The second respondent has explained how it came about that it employed the first respondent. It says as follows in its answering affidavit:-
"29. The second respondent advertised the position of conference producers towards the end of 2002 in "The Star Workplace". The first respondent applied and the first interview was held with Mr Devin McDuling. Because the second respondent requires its employees to sign restraint of trade and confidentiality agreement, the first respondent was specifically asked by Mr McDuling whether she was subject to a restraint of trade agreement. She said "No". She was asked whether she had a letter of appointment, to which she replied that she had misplaced it.
30. I held a second interview with the first respondent and again she was asked whether she was subject to a restraint of trade agreement. She replied "No" and added that even if she had, she believed that the applicant would not enforce such an agreement.
31. I had no reason to doubt the first respondent and made no further enquiries. I too had worked for Marcus Evans without a restraint of trade as I refused to sign one. I therefore did not find it strange when the first respondent said that she was not subject to a restraint."
It is, however, common cause, that in this particular industry restraint of trades are the norm.
It is clear from the second respondent's version of events that it did not intentionally assist the first respondent to breach the restraint of trade agreement and if I understood Ms Weiner correctly, she did not argue that there had been an intentional act on the part of the second respondent. She submitted that the second respondent had been negligent in the light of these explanations by the first respondent in not making further enquiries. Ms Weiner colourfully submitted that the second respondent had "sedulously applied Nelson's telescope".
I shall assume, without deciding the issue, that negligent conduct on the part of a person in the position of the second respondent can indeed give rise to a claim based on unlawful competition. In my view, the second respondent was not negligent. In my view people conducting their everyday lives are entitled to assume that others with whom they are dealing are honest. There is nothing particularly unusual in the version of the first respondent which in my view would have alerted the second respondent to the possibility that the first respondent was being dishonest. After all, it must be borne in mind that the first respondent was employed as a conference producer earning some R6 500,00 per month which included a car allowance. She was therefore not obviously some "high-flying" executive in respect of whom a restraint of trade agreement might have been expected.

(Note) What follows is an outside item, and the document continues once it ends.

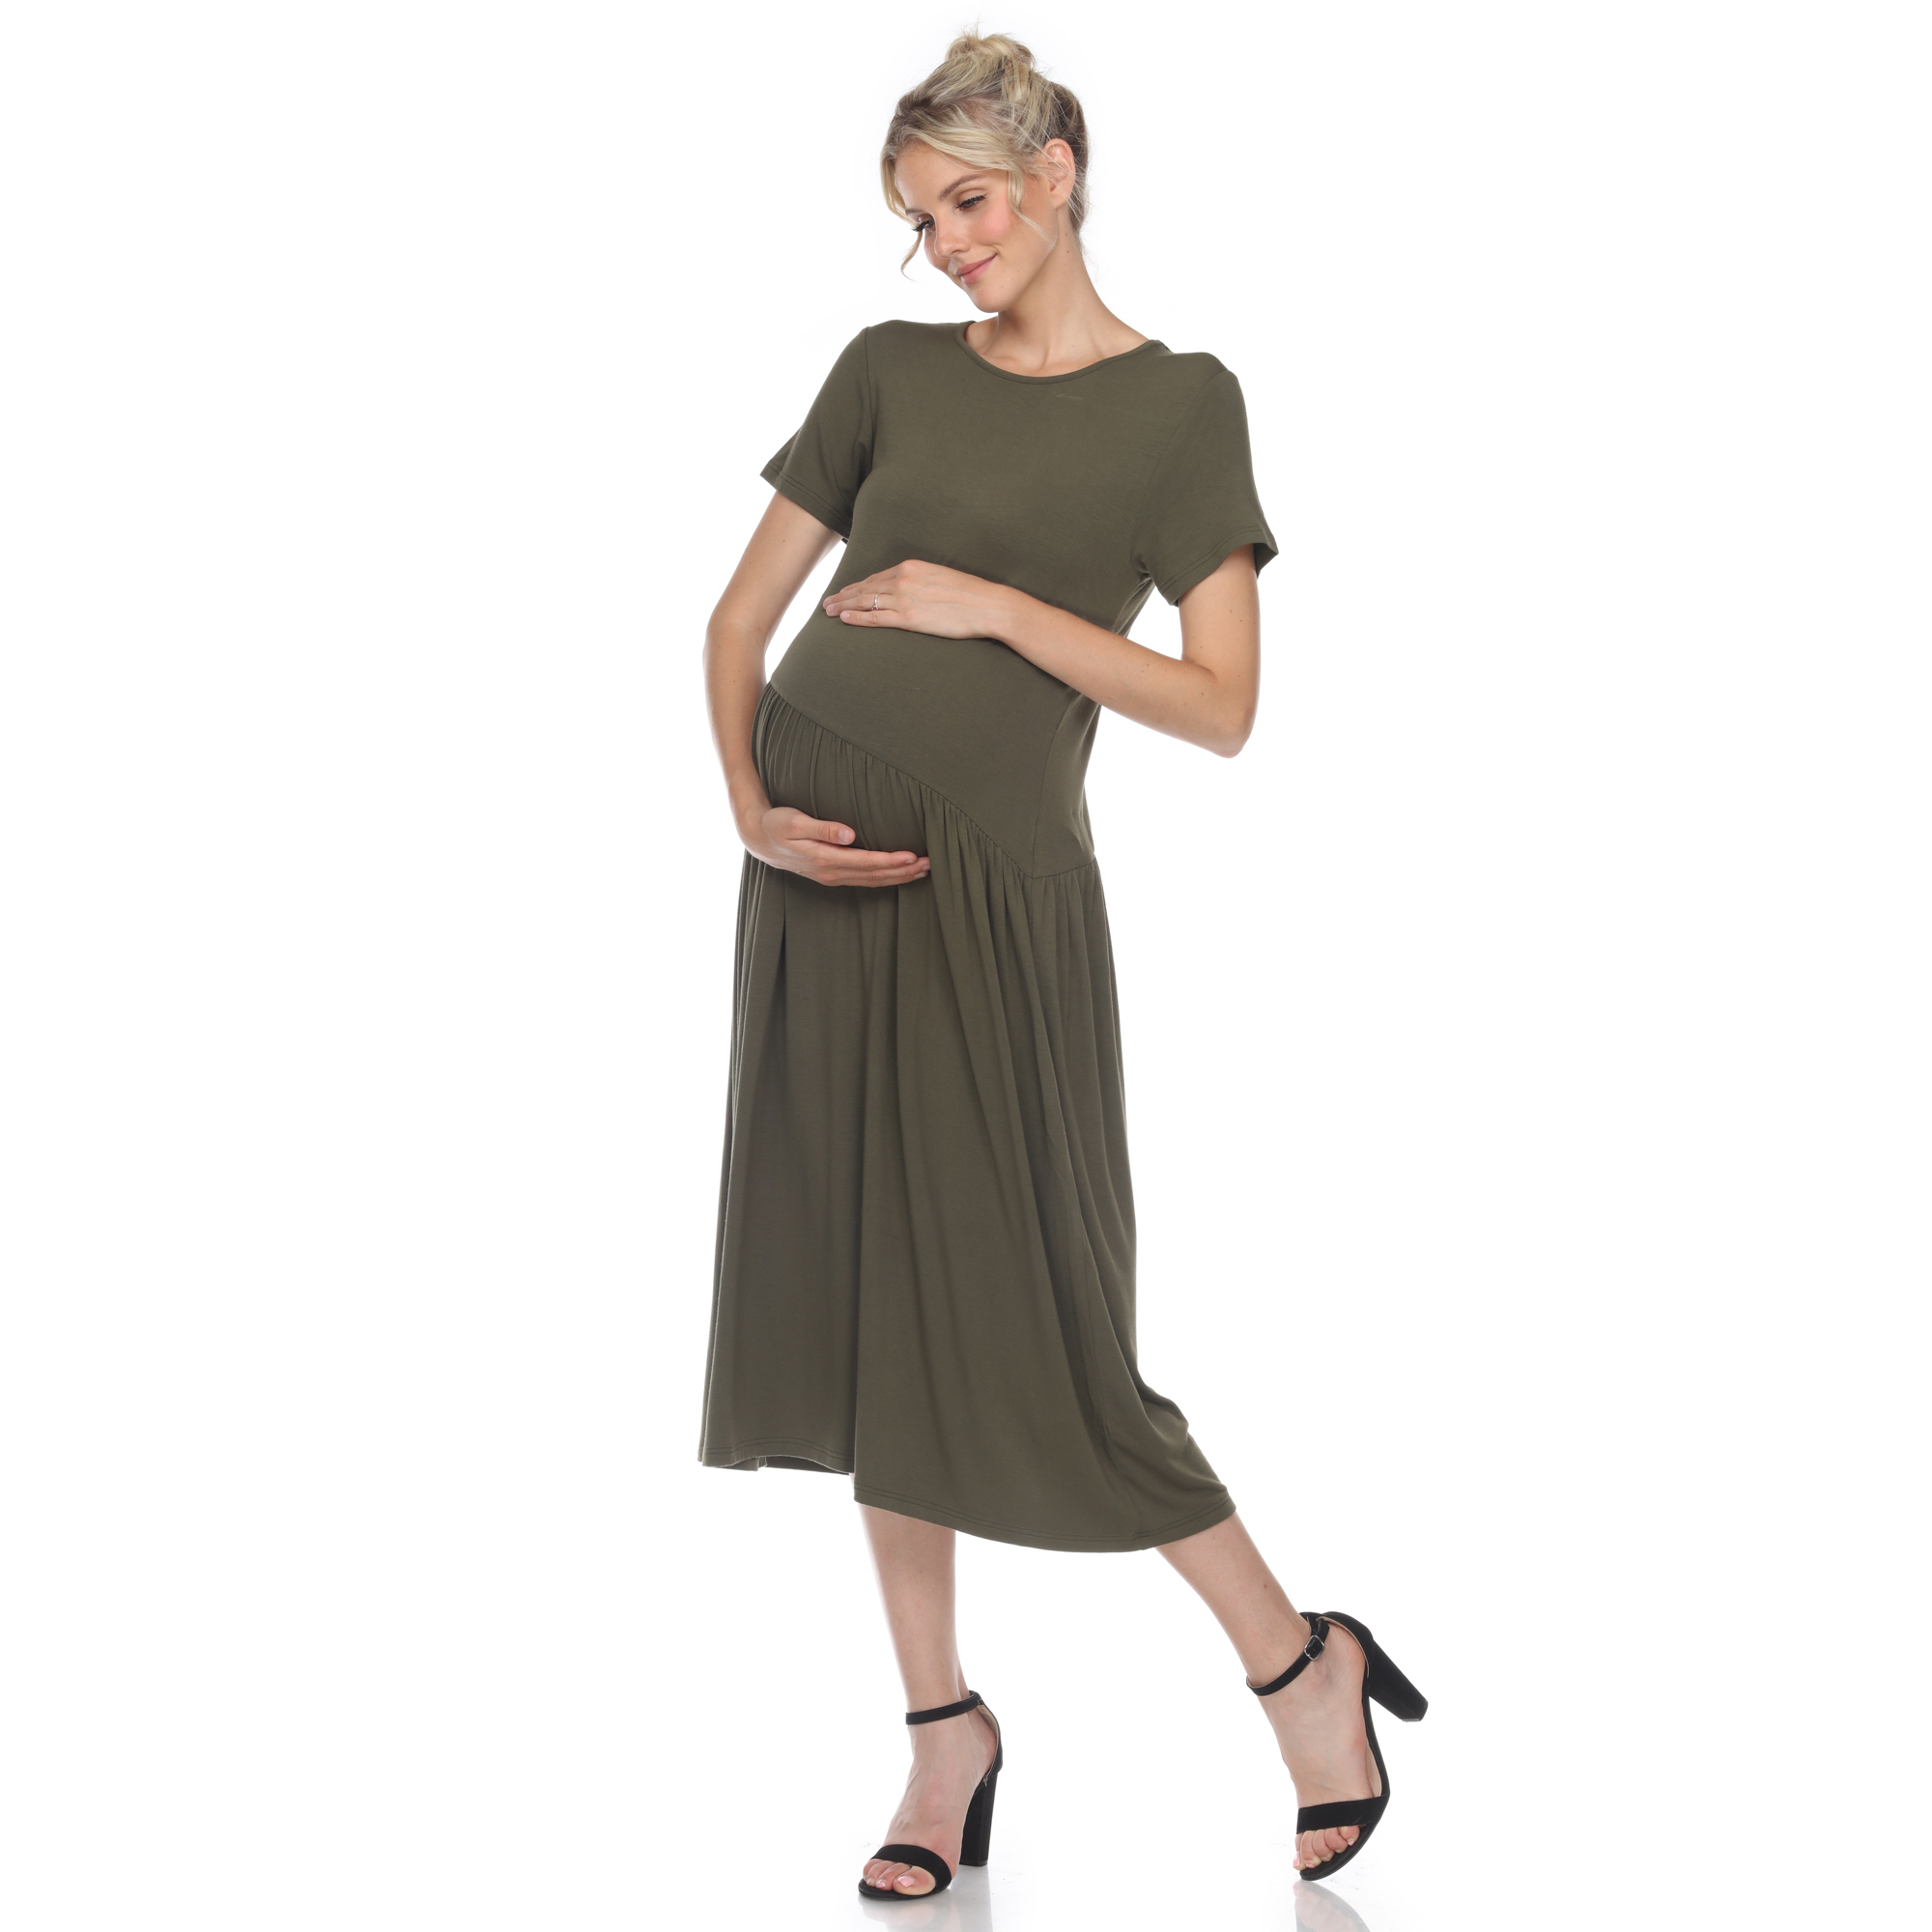 White Mark Womenâs Maternity Short Sleeve Maxi Dress - Olive, X-Large
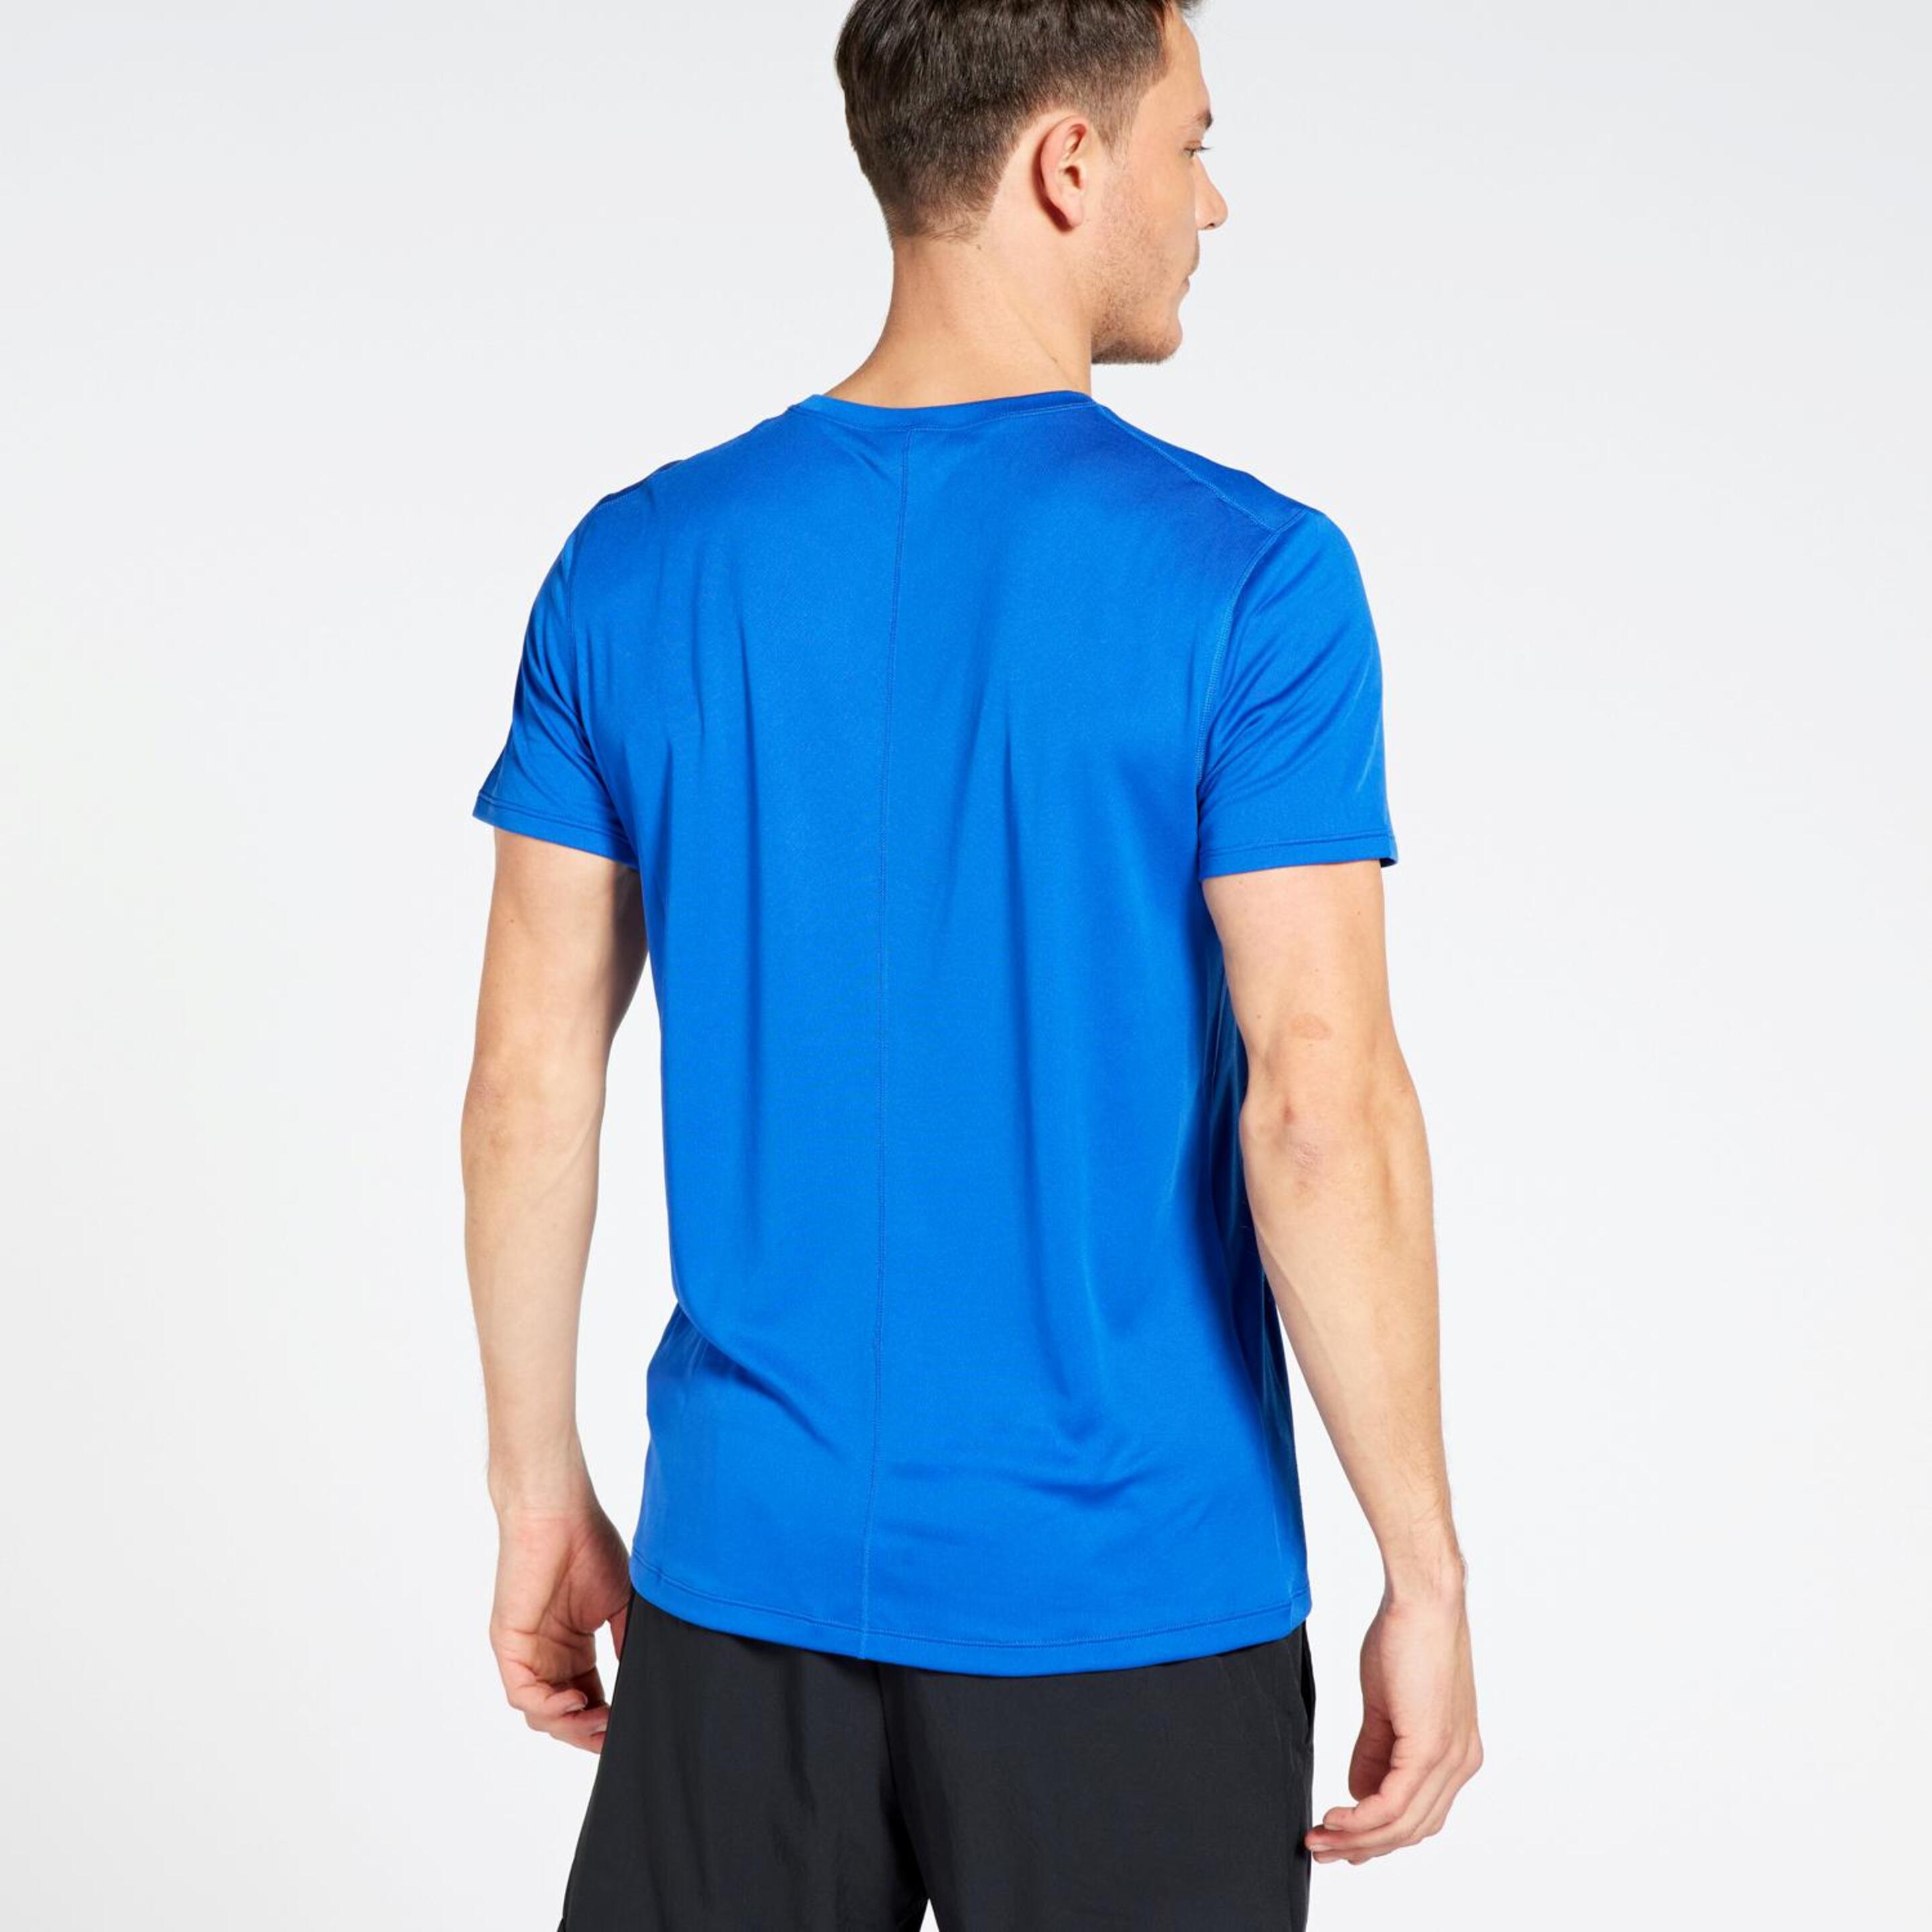 Asics Core - Azul - Camiseta Hombre

There is a further issue that arises even if I am wrong in finding that the second respondent was not indeed negligent. It is this: whether the second respondent's conduct in "sedulously" applying "Nelson's telescope", justifies the relief that has been so keenly contested in this particularly application namely the restraint on the second respondent from holding the conferences as set out in Annexure X.
Ms Weiner relied very heavily on two unreported judgments in submitting that indeed it would be correct for the court and indeed required by law to grant this relief. These two judgments are Marcus Evans (South Africa) (Pty ) Ltd v Mpungose, Zinhle and Others, Case No. 2002/2780 which is a judgment of my brother Malan J and IR Netherlands BV (Incorporated in the Netherlands) T/A Institute for International Research v Tarita, Imagen, Case No. 02/19675, which is a judgment of my brother Marais J. Marais J in his judgment referred to the reported judgment of Genwest Batteries (Pty) Ltd v Van der Heyden and Others 1991 (1)SA 727(W). This is the judgment of my brother Goldstone J. In that judgment Goldstone J held that unlawfully assisting a person to breach a restraint of trade agreement was wrongful and could be interdicted. I do not consider this judgment to be of particular assistance in dealing with the particular issue with which I am confronted, namely whether I should go so far as to restrain the second respondent from holding the conferences in question.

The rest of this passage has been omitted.